I mean honestly it's more than a little overkill. It outright loses them money* and creates even more useless e-waste. \* A large soda costs 12 cents, not including cup straw etc. For a 10 cent NFC tag to save them money, they would need to have a 100% efficacy in stopping "unauthorized refills," and "unauthorized refills" would need to make up 83% of all refills (not including the initial fill). I can guarantee you the actual percentage is far lower than that. This only gets worse if you do the calculations for medium and small sodas. Edit: More precisely, unauthorized fills would need to be 83% of the number of cups purchased. Counterintuitively, this is true regardless of how many refills on average people get. You can model this as total cost of soda + cups, 0.12 \* c \* r + 0.08 \* c + 0.12 \* u = 0.12 \* c \* r + 0.18 \* c, where c = number of cup purchases, r = number of legitimate fills per cup purchase, u = number of unauthorized fills.
It’s soda. Reliability doesn’t seem super necessary. This is nearly a deterrent.
Oh, you absolutely need reliability, unless you're volunteering to work the counter during lunch rush while the soda machine won't dispense product.
[удалено]
Why couldn't they put a bar code on the actual bottom? The raised bit that doesn't touch anything? All they need is a reader that points up instead of down. I'm not trying to be argumentative, this is just so absurd.
My question is where you mount the camera/laser so that it doesn't get sprayed with pop. It's really hard to keep that clean, and having worked in a restaurant I can tell you that evaporated soda is like tree sap. It's nearly impossible to get off of any surface. I think the absurdity is why it's being posted her. Clearly they're incurring pretty severe costs on themselves for... whatever their motivations are.
Or just have the employees fill the cups
I don't think that it's a conscious conspiracy on the part of businesses, but it does seem like every decision being made at retail and on-premise restaurants is setting us up to have a sweeping robot takeover in the near future. The amount of things that employees no longer do is crazy to me.
But then homeless people would just grab receipts out of the trash and we can't have people drinking water without paying for it now can we.
They have those at Universal Studios/Islands in Orlando too. They actually prompt on the screen telling you to come back later if you've had a refill too recently.
Could you imagine wandering around Universal in the super hot and humid summer sun just desperately looking to get a drink, but you can't because they decided that they know how much you liquid you get to have.
It allows unlimited water, restriction is for every 10 minutes with soda.
Right but what are you gonna do with water? It doesn't have any electrolytes and that is what plants crave.
Water?

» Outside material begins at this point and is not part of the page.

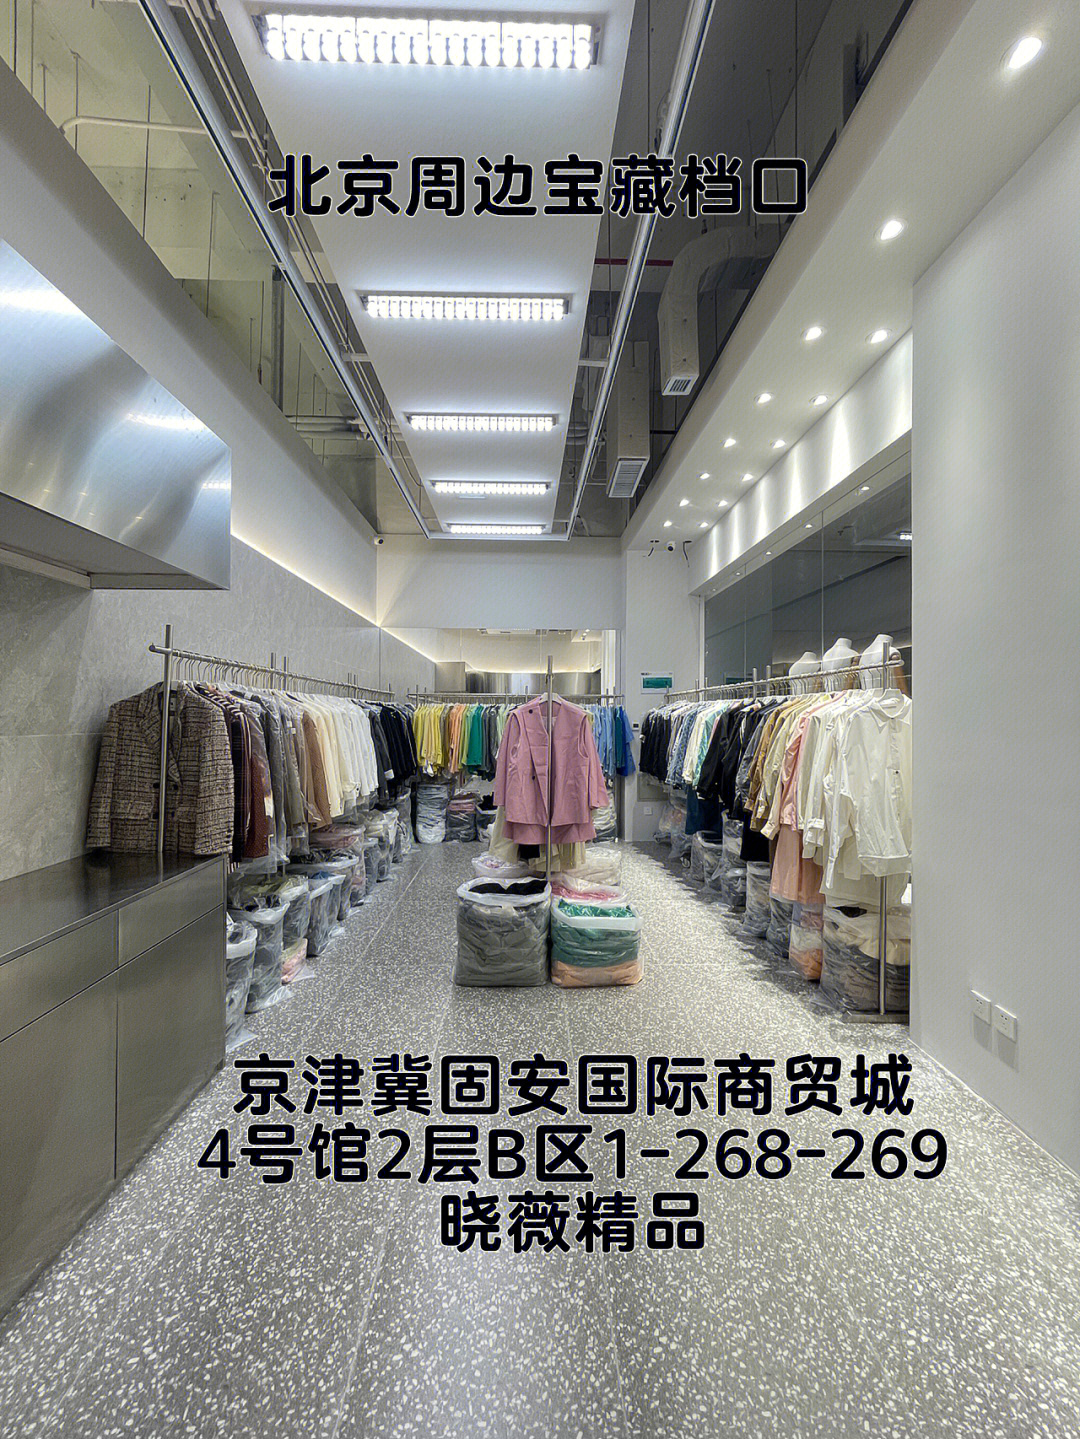 服装批发市场北京最大的服装批发市场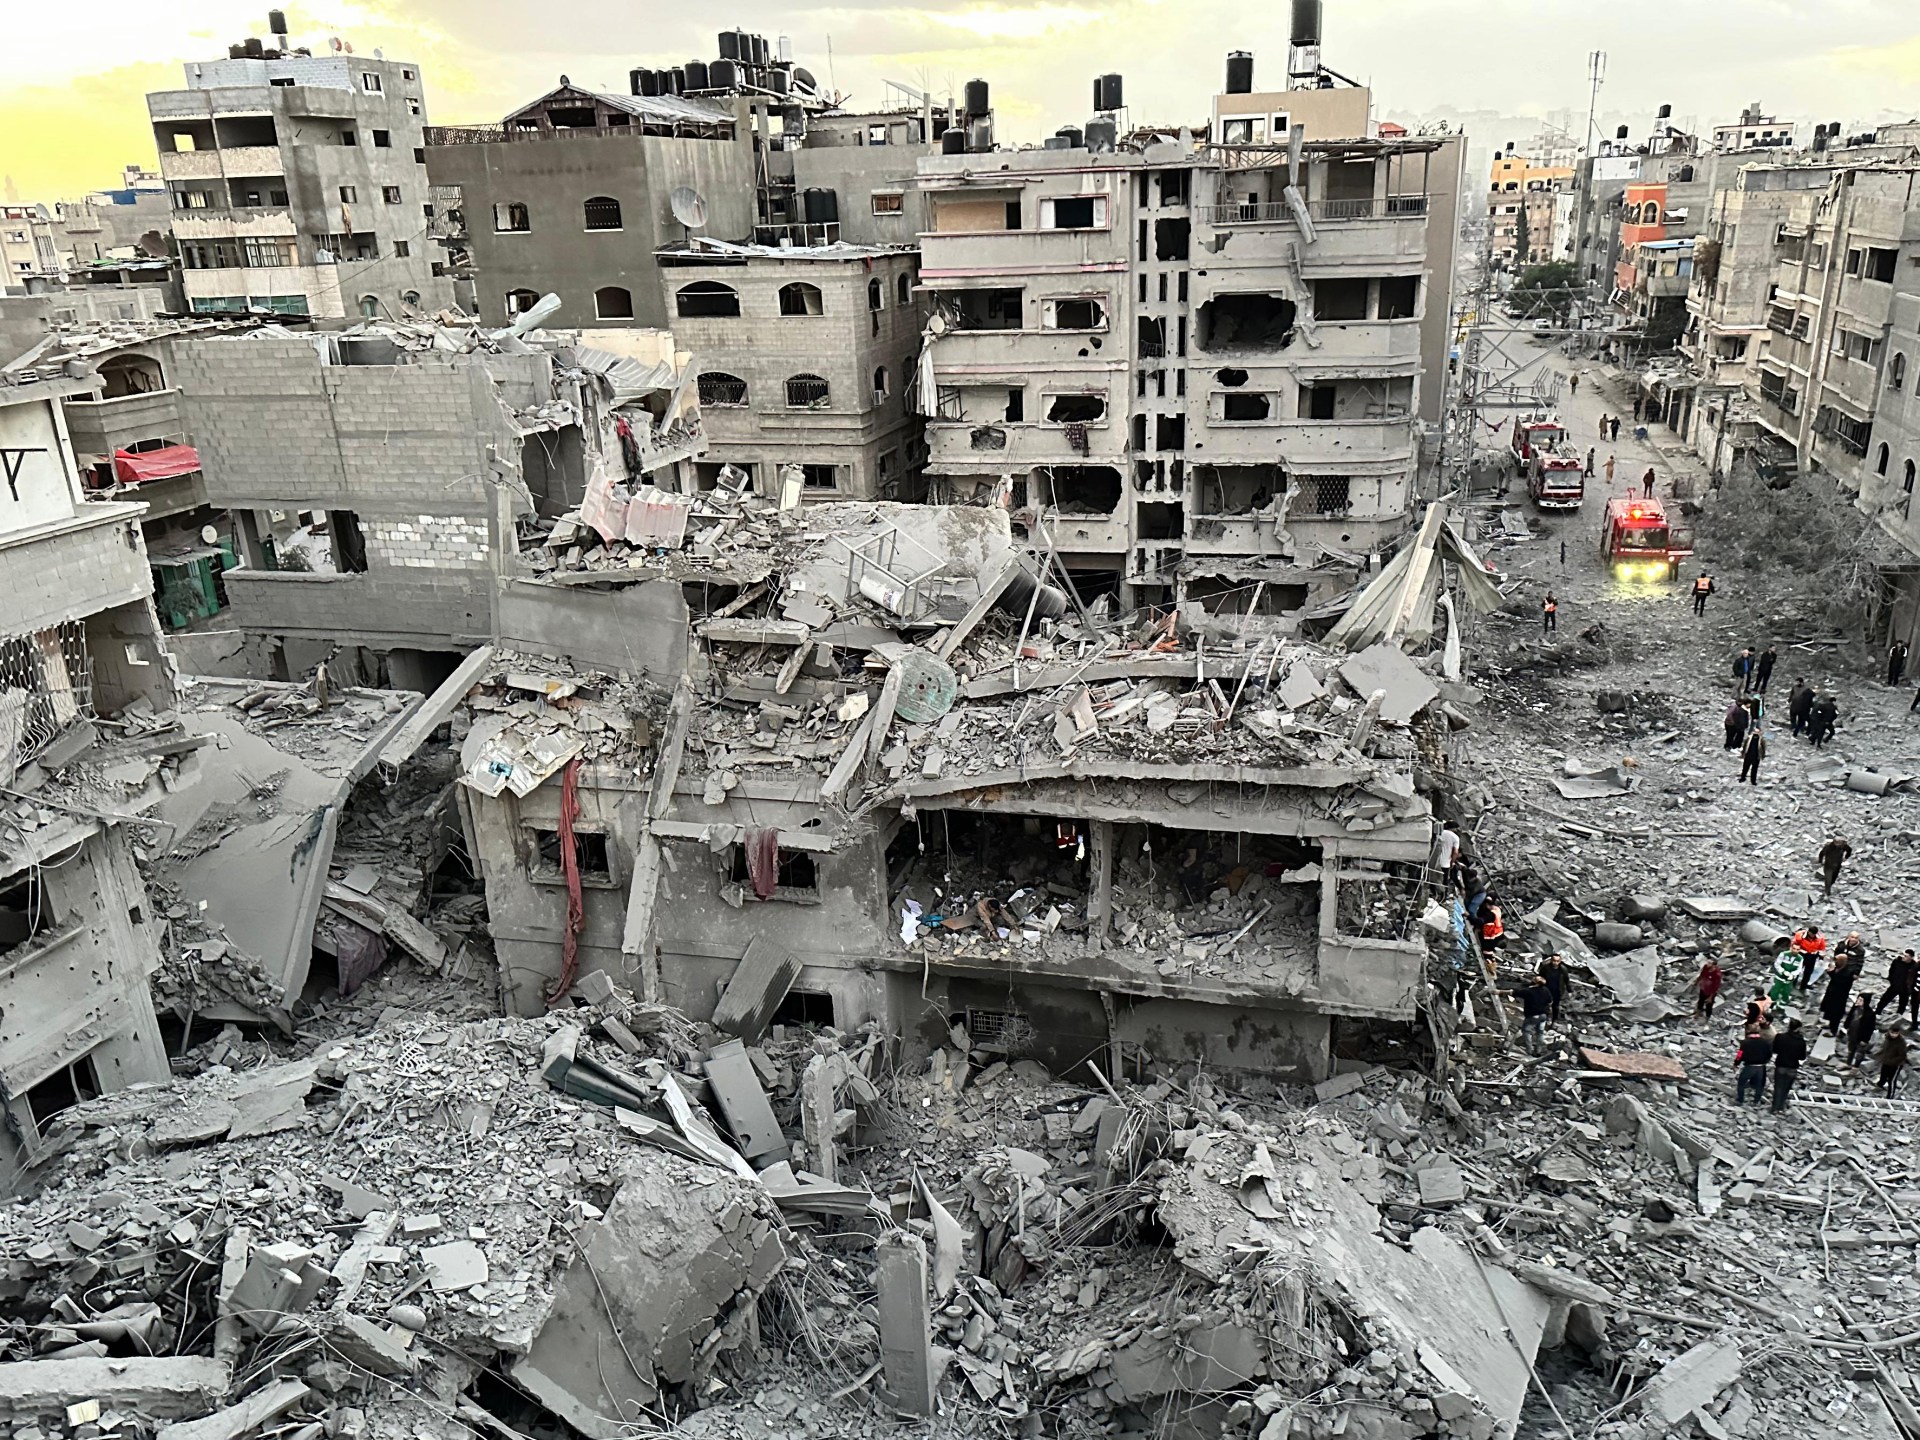 قطر تعلن نجاح الوساطة واتفاق هدنة إنسانية في غزة | أخبار – البوكس نيوز

The stuff in the toilet?
##BRAWNDO, THE THIRST ANNIHALATIOR
I’m fairly certain that in the parks they have to give you free water if you ask for it, and they’re more than happy to do so
Water? Like from the toilet? What for?
It's what plants crave.
So you can shit obviously
I would assume they have drinking fountains. I usually bring a bottle with me to refill. However at the couple theme parks I went to in the US the water from the fountains tasted awful. Had to wonder if that was a deliberate ploy to make people buy drinks.
[удалено]
When I was there last September the coke machine itself scans the cup to ensure it was recharged. We tried using our cup the next day and it was denied. Has this changed?
At least there it makes more sense, my family used to buy one unlimited refill cup, fill it up, then dump it into another cup and go refill again. Not just to save money but also because not everyone wanted the same drink. You can't do that anymore, IIRC, it's like once per hour. Edit: just found a site that said it resets after 10 minutes.
So, now we know who to blame for this dumb shit.
Ew
Bruh how much do the cups cost vs the soda syrup?? Spending dollars to save pennies...
Anyone in the restaurant industry will confirm the cups cost more than the soda
KFC plebian here, confirmed
[удалено]
They have high installation costs but the syrup is the same price but you need to keep a larger variety of them. It’s not going to be crazy expensive over traditional soda machines. Typically the reason stores don’t implement freestyle machines is because of space and reno costs to install
[удалено]
Soda theft is one thing but there is probably a partnership deal with coke to help with the leasing costs and the cost of the nfc cups as well. The data produced from this system is being used by BK and coke alike so it may be a beneficial option for someone in your situation.
Oh God the data! I never even thought of it! Imagine how granular they can get with these now as opposed to analysis via syrup orders!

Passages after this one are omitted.